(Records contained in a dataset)
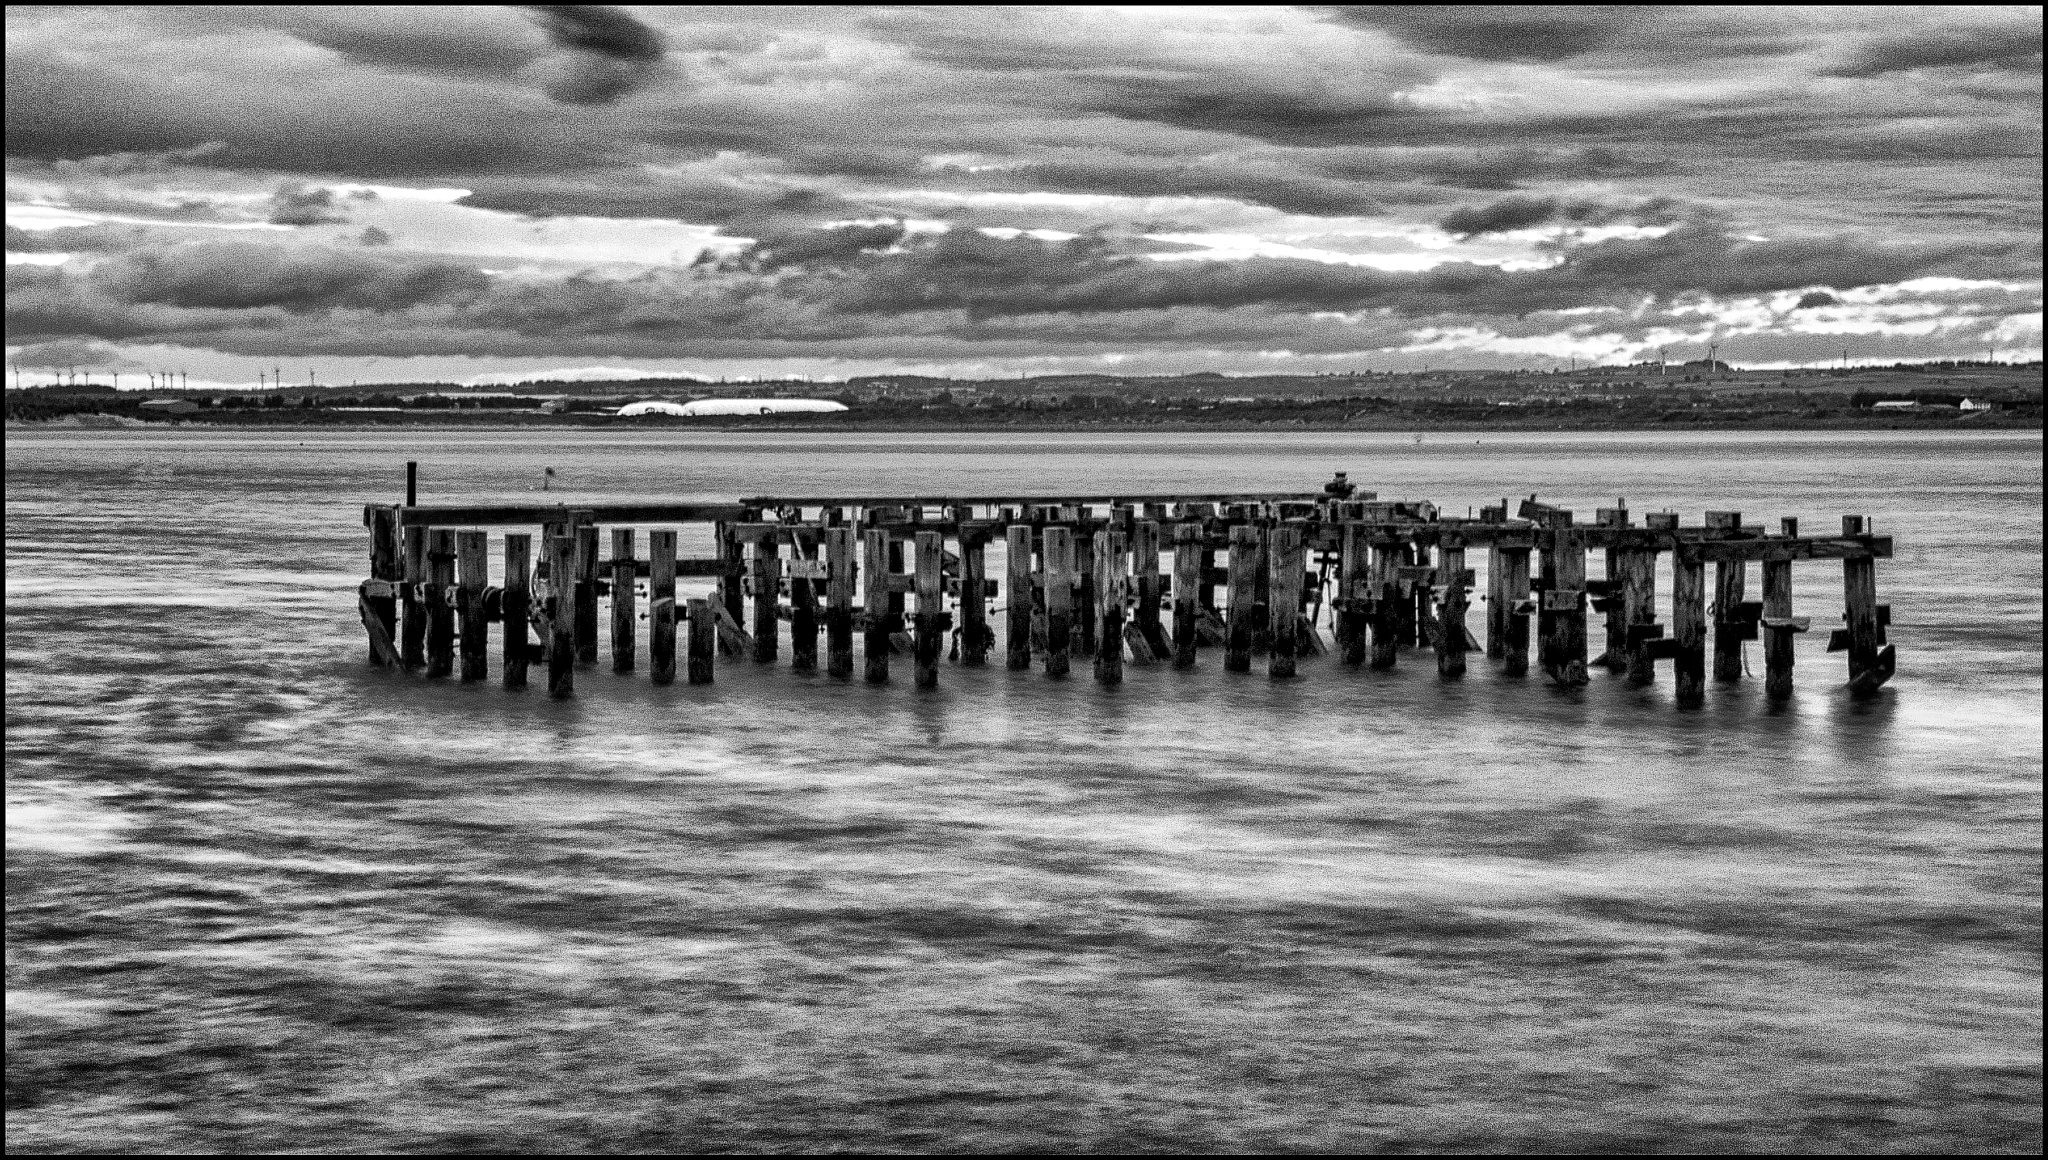 Dilapidated Wharf by martin.davis.5243817
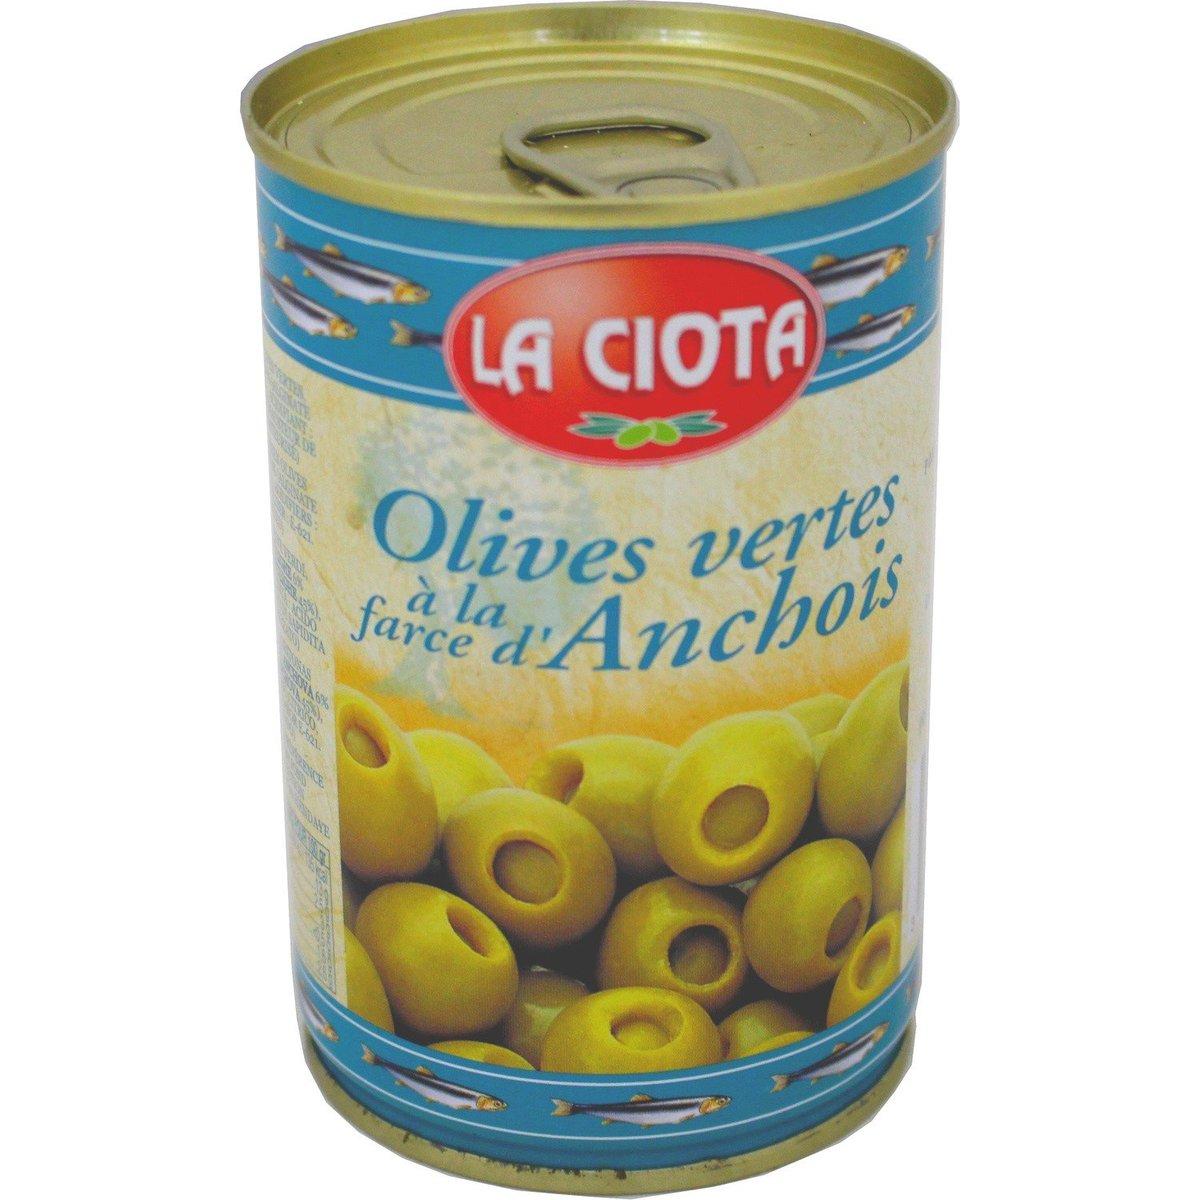 LA CIOTAT - Anchovy Filled Olives - 120g
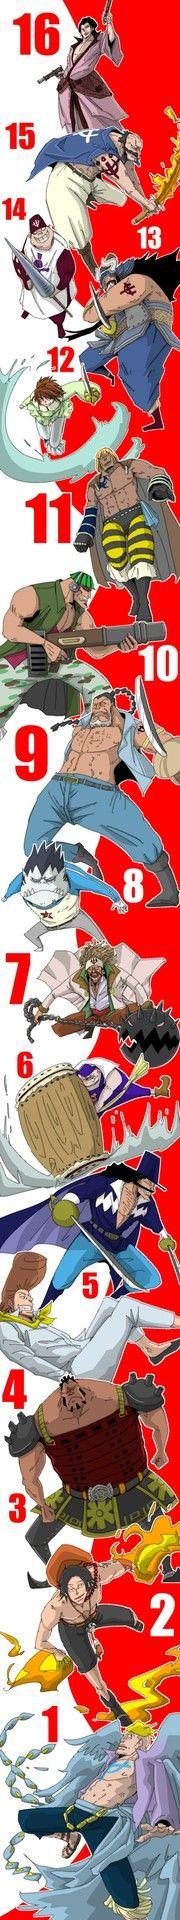 Whitebeard Pirates #OnePiece #anime
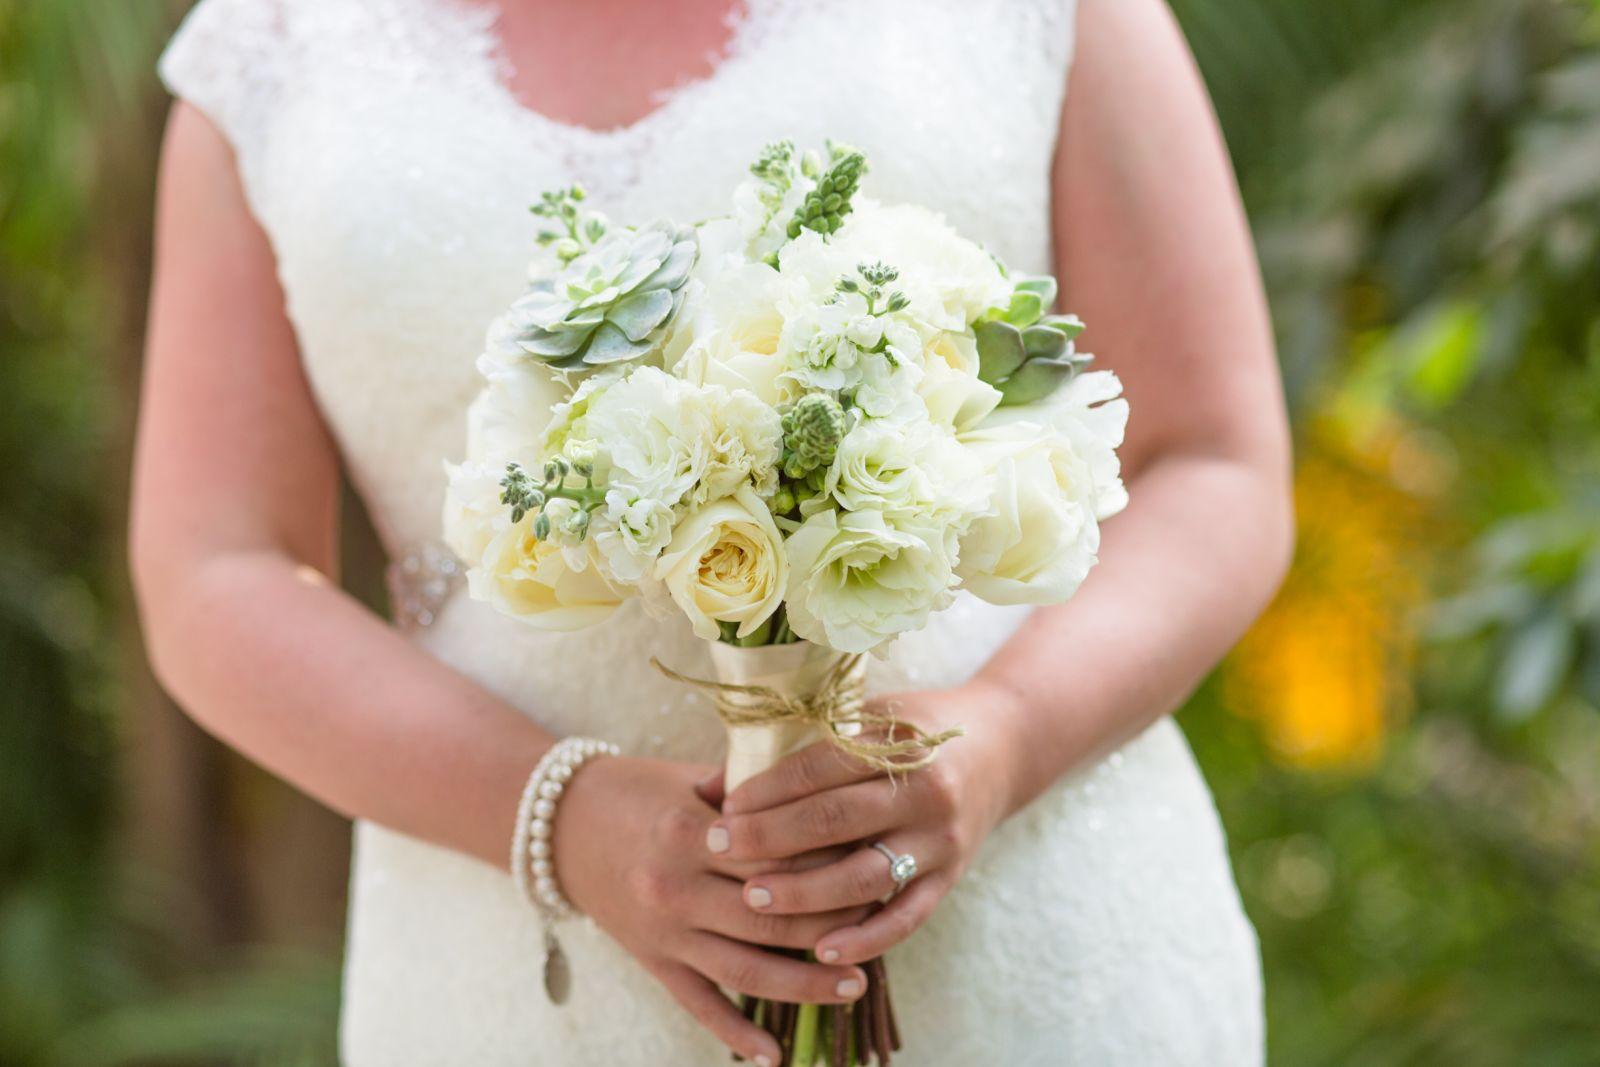 E&C romantic style for a wedding bouquet
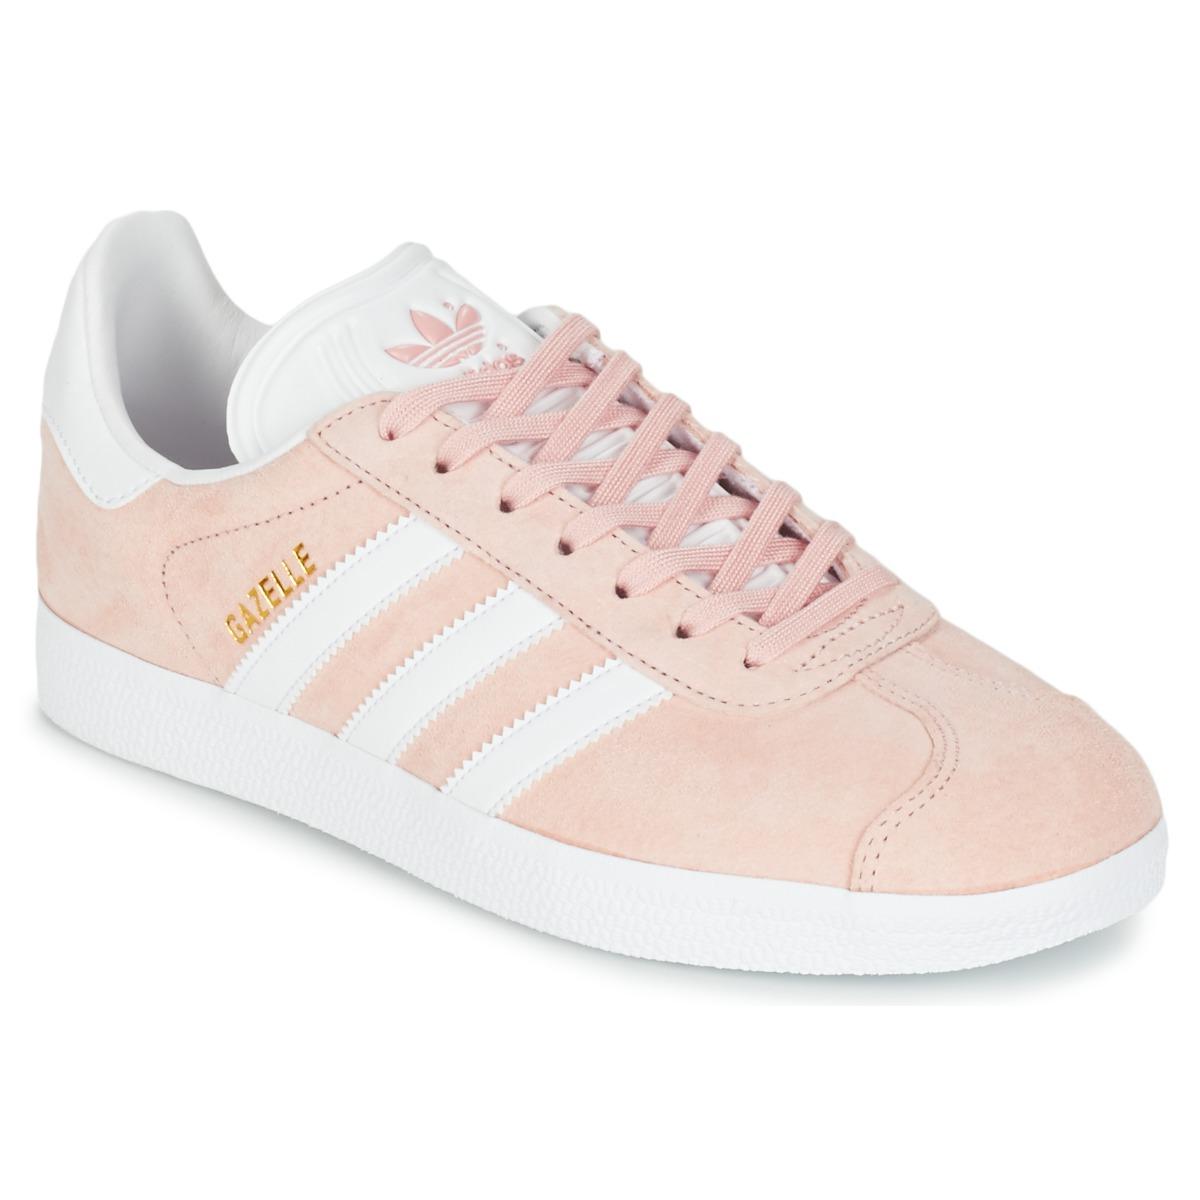 8b3287f8ef adidas Originals GAZELLE Rose - Chaussure pas cher avec Shoes.fr ! - Chaussures  Baskets basses Femme 88,99 €

● Exercise: In the copy, every entry must appear exactly as written, and no picture may appear.

● Result of this exercise:
 Dilapidated Wharf by martin.davis.5243817
 LA CIOTAT - Anchovy Filled Olives - 120g
 Whitebeard Pirates #OnePiece #anime
 E&C romantic style for a wedding bouquet
 8b3287f8ef adidas Originals GAZELLE Rose - Chaussure pas cher avec Shoes.fr ! - Chaussures  Baskets basses Femme 88,99 €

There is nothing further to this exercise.